- WORK REQUIRED
Entries below include pictures. Output exactly the lines from the one with "19th century small" down to the one with "Note: Due to", both ends included, and leave the pictures out.

- DATASET
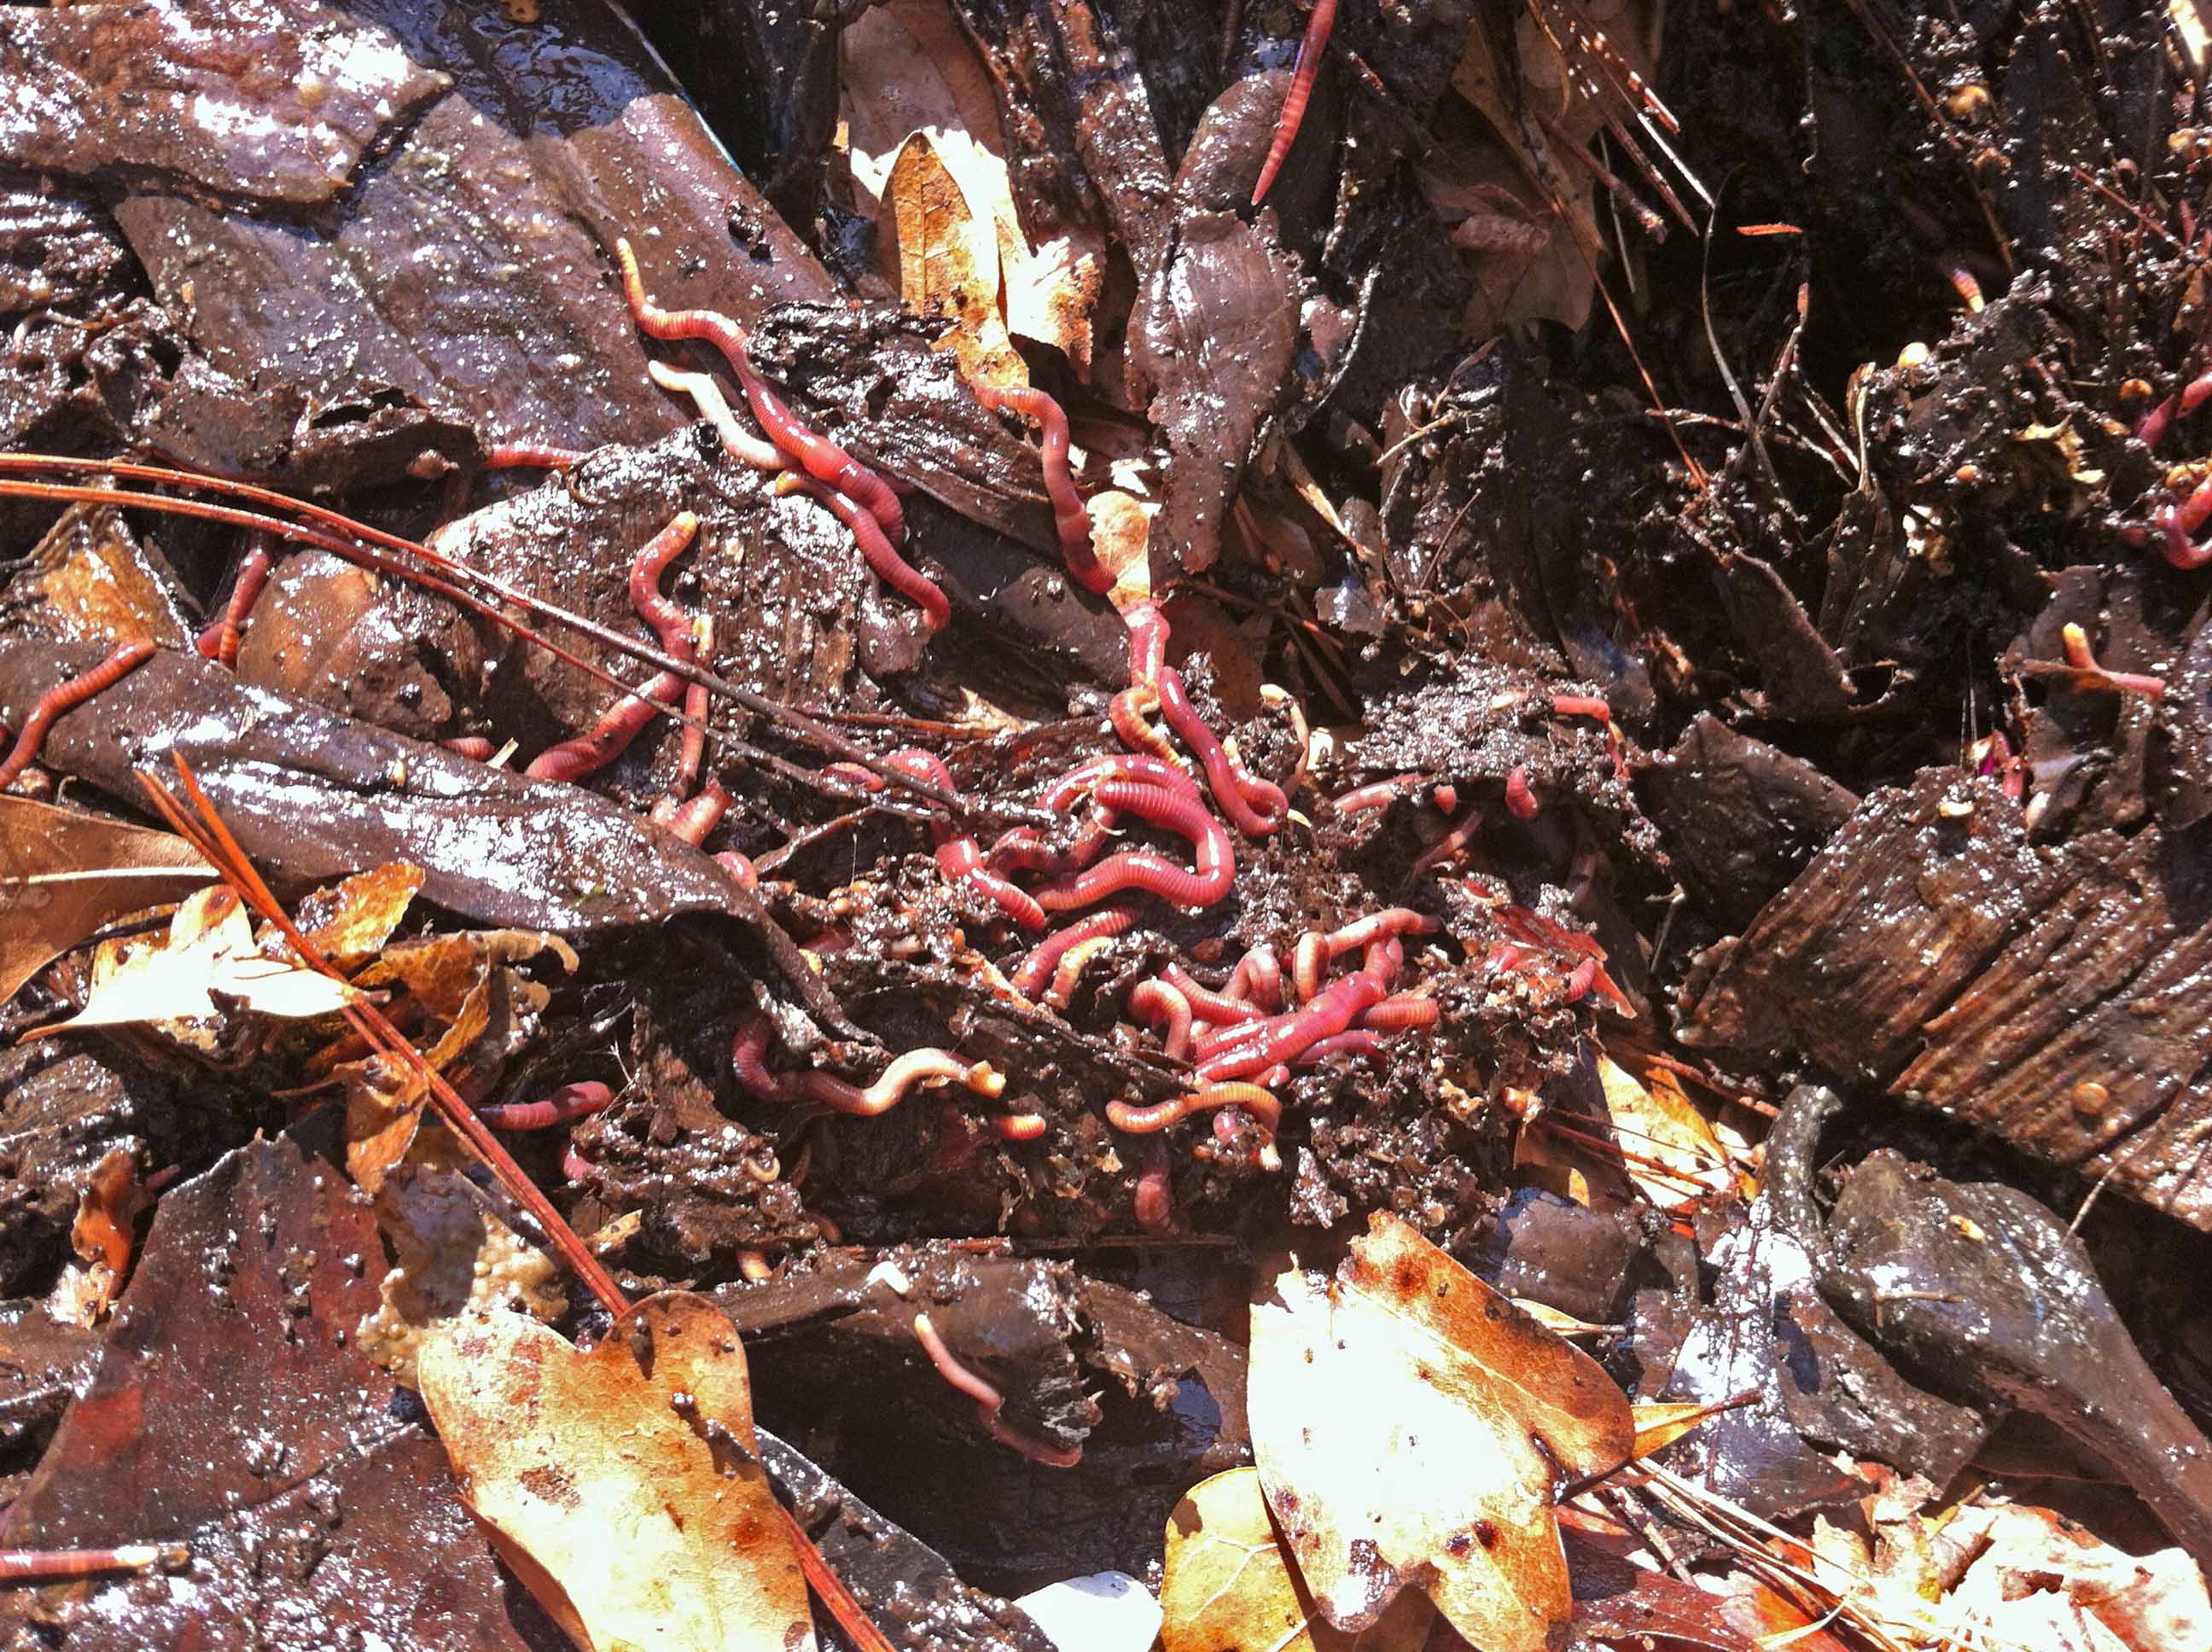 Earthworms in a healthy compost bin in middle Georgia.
* * *
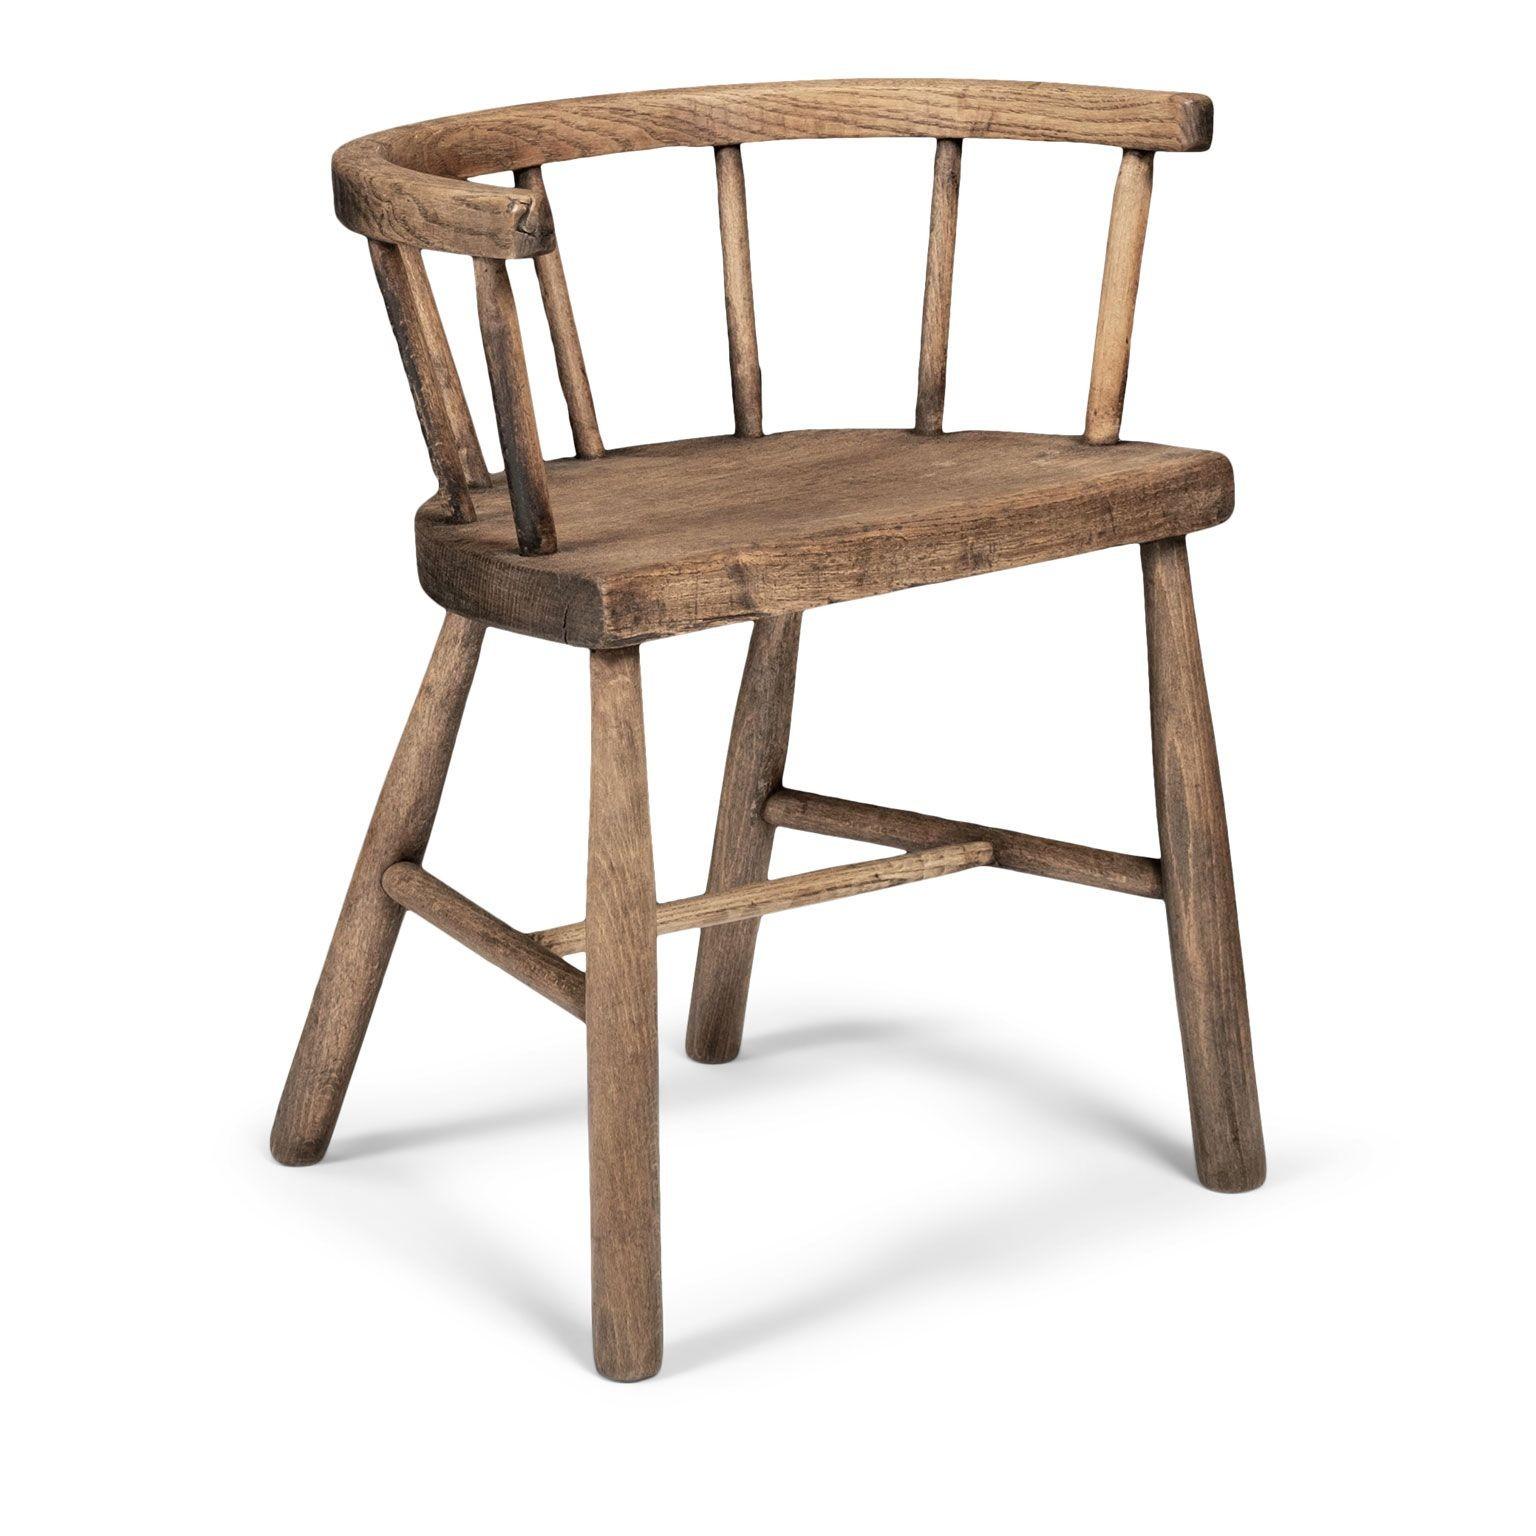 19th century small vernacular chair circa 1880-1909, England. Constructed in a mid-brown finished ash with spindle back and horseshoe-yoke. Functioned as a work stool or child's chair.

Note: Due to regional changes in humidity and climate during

- ANSWER TO THIS PROBLEM
 19th century small vernacular chair circa 1880-1909, England. Constructed in a mid-brown finished ash with spindle back and horseshoe-yoke. Functioned as a work stool or child's chair.

Note: Due to regional changes in humidity and climate during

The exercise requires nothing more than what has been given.